Combining these 2 like that will mean you can get that information but not cause every single inventory collection to do a full calculation. It would only happen on the schedule you set for the policy that runs the script above.

Hope that helps.

sean
Valued Contributor

You can use Applescript to return accounts and paths to accounts if you wanted to

tell application "Mail"
    get name of every account
end tell

You can get the directory (and you could grab the size of a directory), e.g. for an account called "iCloud":

tell application "Mail"
    set a to (account directory of account "iCloud")
    get size of (info for a)
end tell

Throw in a loop for each account, if required.

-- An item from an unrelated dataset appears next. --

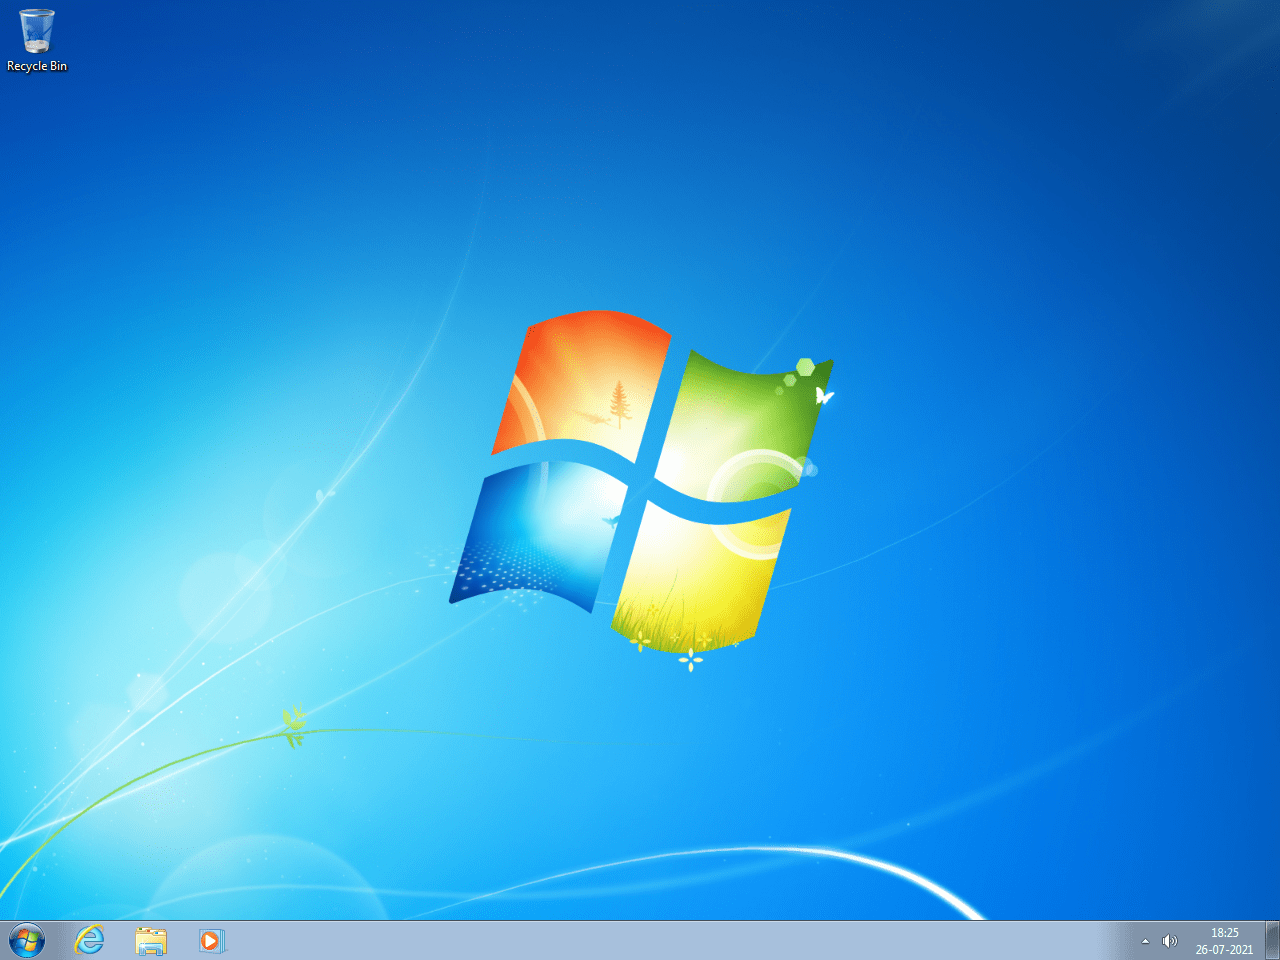 64 bit free download for windows 7 ultimate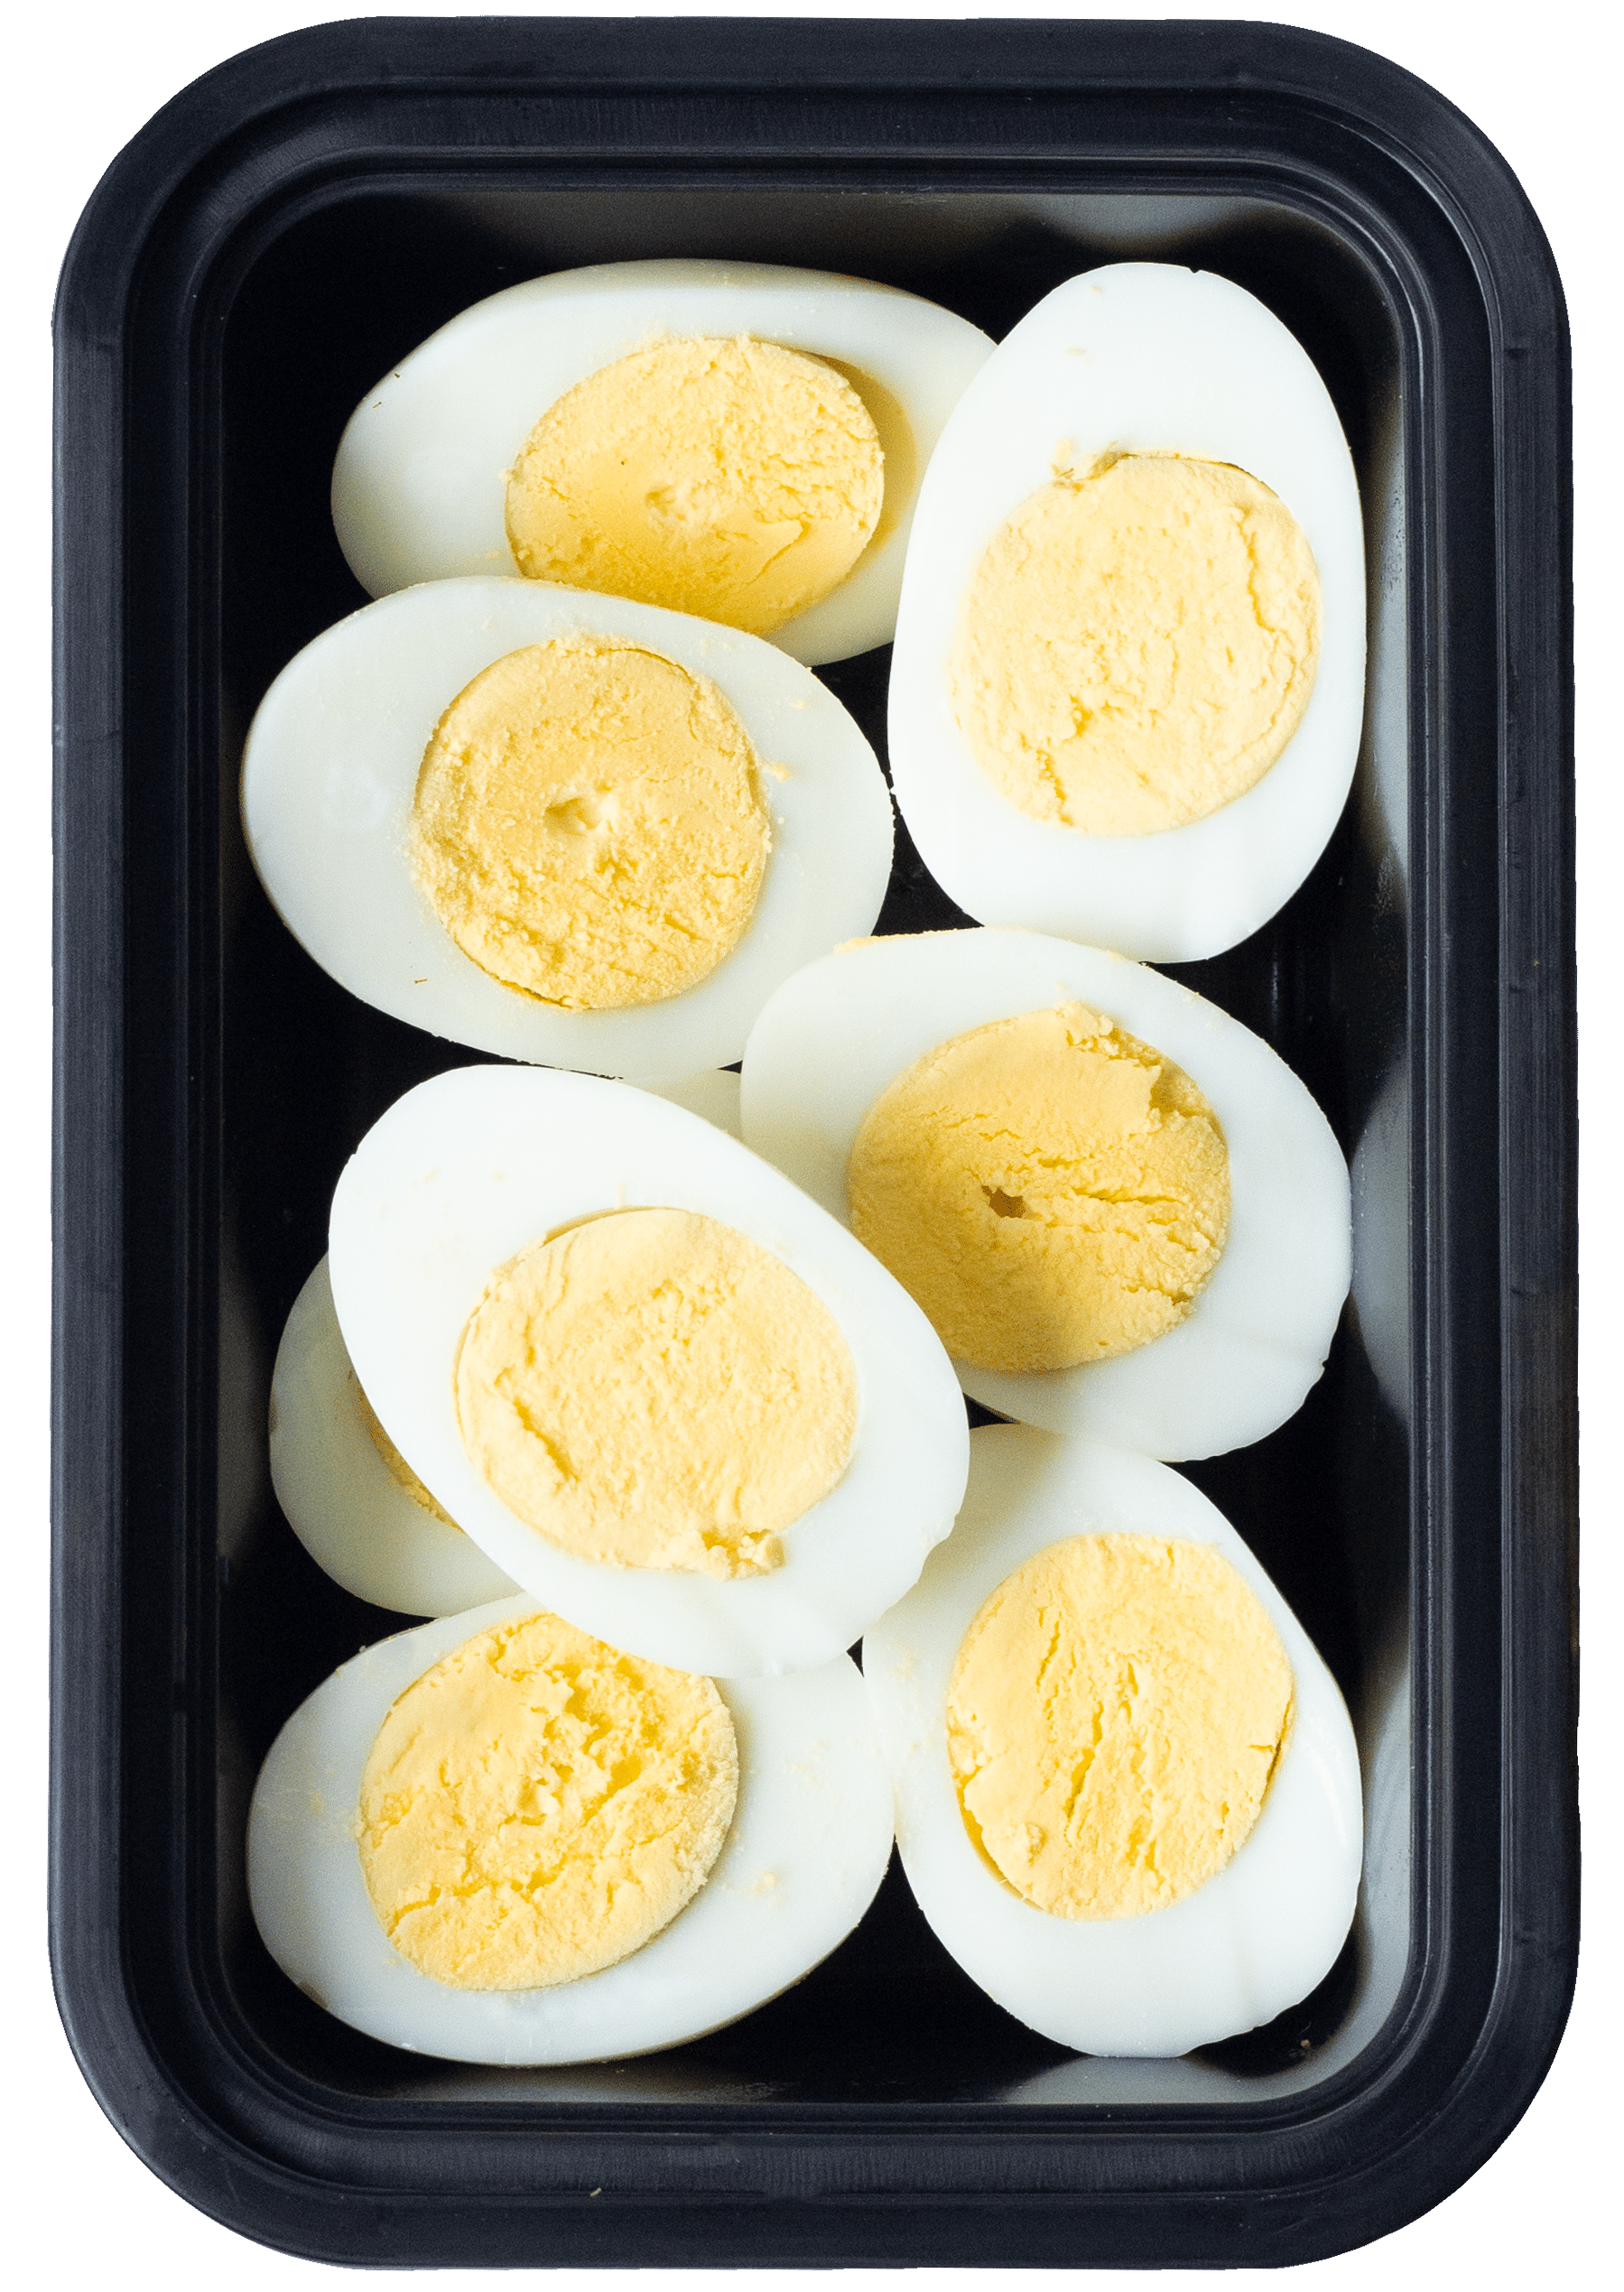 Hard Boiled Eggs - Jimmy's Famous Meals

Alternatively, you can just use find to grab all the relevant folders and return the folder size of each.

find /Users/*/Library/Mail -maxdepth 1 -mindepth 1 -exec bash -c 'du -h -d 0 {} | cut -f 1' ;

As mentioned above, you are better off writing the output to a file by a trigger and then using the EA to read that file to reduce frequency.

macmanmk
Contributor

@mm2270 Thanks very much for that suggestion. I think that is exactly what I am looking for and appreciate your solution. I modified the script slightly to ignore our local admin account and now the EA is showing just the user data I was seeking.